Transfer of title means transfer of ownership of the goods. The general rule as to transfer of title
is that only the owner can transfer a good title. No one can give a better title than he himself has.
This rule is expressed by the maxim “Nemo dat quad non habet” which means that no one can
give what he himself has not’. In other words, seller cannot give to the buyer of the goods a
better title to those goods that he has himself given. The phrase, in a closely related variant,
traces back at least as far as the Digest of Justinian, who gives credit to the Roman jurist Ulpian.
In other words, if I own something because someone transferred it to me – by sale, gift, bequest,
etc. I normally have only that which the previous owner had and nothing more. This is
sometimes called the “derivation” principle the transferee’s rights derive from those of the
transferor.

In the case; Bishops gate Motor Finance Corpn. Ltd. v. Transport Brakes Ltd1, Denning LJ, has
defined the position of the modern law as follows:

“In the development of our law, two principals have striven for mastery. The first is the
protection of property: no one can give a better title than he himself possesses. The second is the
protection of commercial transactions: the person who takes in good faith and for value without
notice should get a good title. The first principle held sway for a long time but it has been
modified by the common law itself and by statute so as to meet the needs of our times.”

Nemo dat is also related to the principle of “first in time is first in right.” Here the classic
problem is someone, A, who transfers his or her interest to B and then turns around, and out of
mistake or worse, transfers to C. Who owns the property? According to the nemo dat principle,
it would be B, because A had rights to transfer when A transferred to B. Now B has the rights.

When A later transfers to C, A has no rights to transfer and hence by nemo dat C gets nothing.
Of course C could sue A, but A in such situations will often (not coincidentally) have fled the
jurisdiction or be judgment-proof. There are situations in which C could prevail over B, but
nemo dat and its first-in-time implications are the baseline.

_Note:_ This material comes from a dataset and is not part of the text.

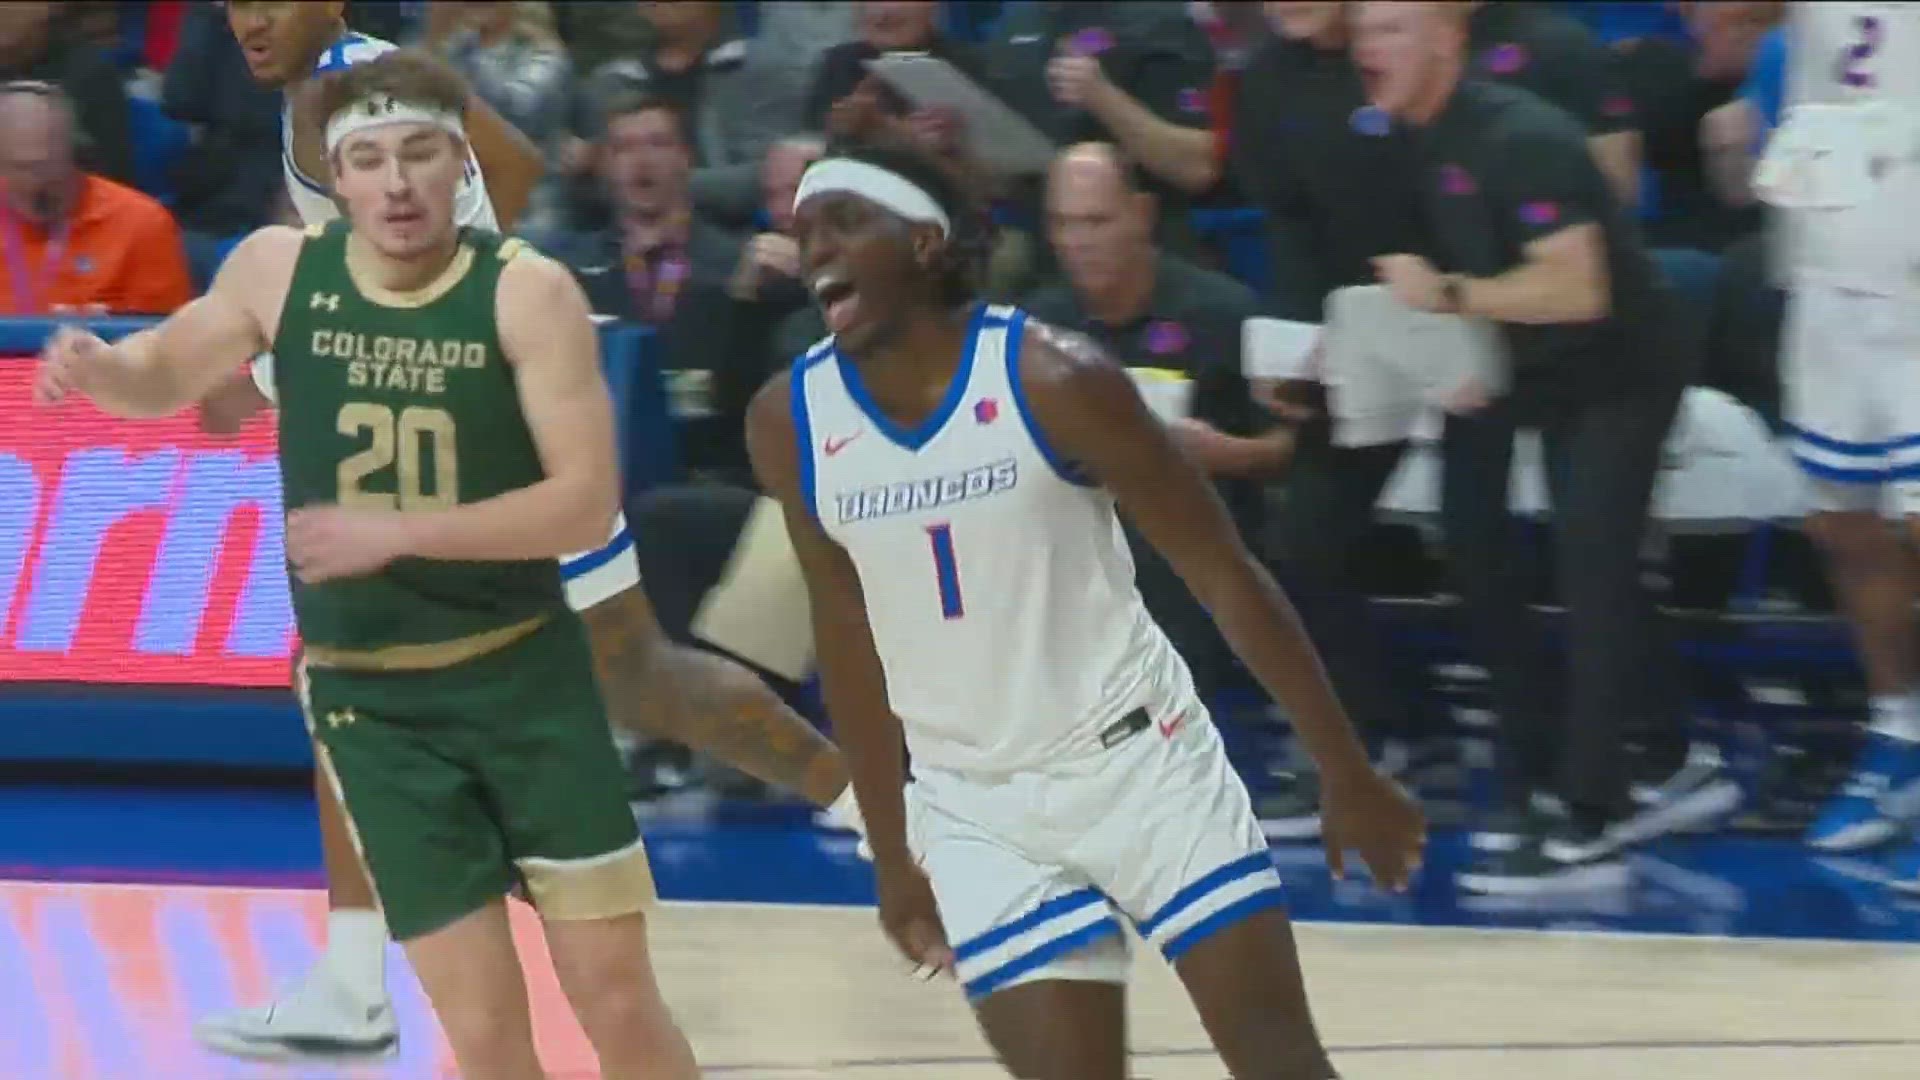 Boise State extended its nation-leading home winning streak to 22 games on Tuesday with a 65-58 win over No. 17 Colorado State at ExtraMile Arena.
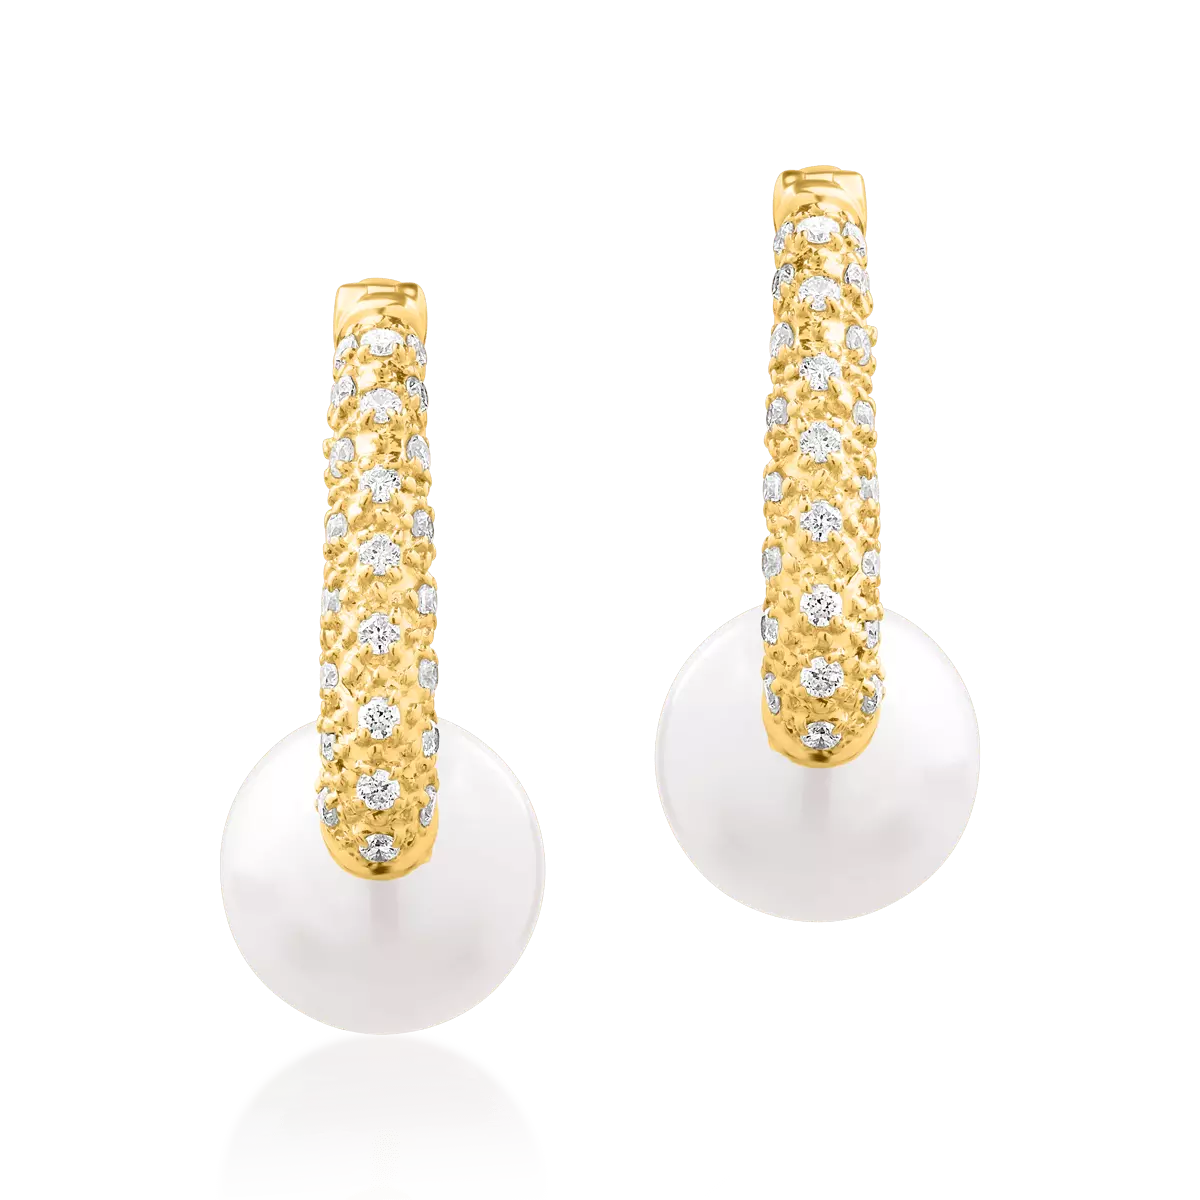 14K yellow gold earrings with 5.19ct fresh water cultured pearls and 0.17ct diamonds

The nemo dat principle rests on a vision of a chain of transactions. Current owners must be able
to trace their ownership back in time through a series of legitimate transfers (ideally) to an act of
legitimate original acquisition. Later we consider ways in which the law cuts off the need for
this tracing to an ultimate root of title.

OBJECTIVE
 To study the validity of title in unauthorized sales and what should be done when an innocent
person buys goods from one, who has lack of authority to sell? Should the law protect the

1
1902 AC 325 (326).
real owner from whom the goods had been stolen or converted, or should the law treat the
unauthorised sale to the innocent third party as valid, thereby depriving the original owner of
his or her title?
 To study the provisions and concept related Nemo dat quad non habet
 To study the cases and exceptions related to the Nemo dat quad non habet in context with
Indian laws.

EXPLANATION
Section 272: Sale by person not the owner. Subject to the provisions of this Act and of any other
law for the time being in force, where goods are sold by a person who is not the owner thereof
and who does not sell them under the authority or with the consent of the owner, the buyer
acquires no better title to the goods than the seller had, unless the owner of the goods is by
conduct precluded from denying the seller’s authority to sell.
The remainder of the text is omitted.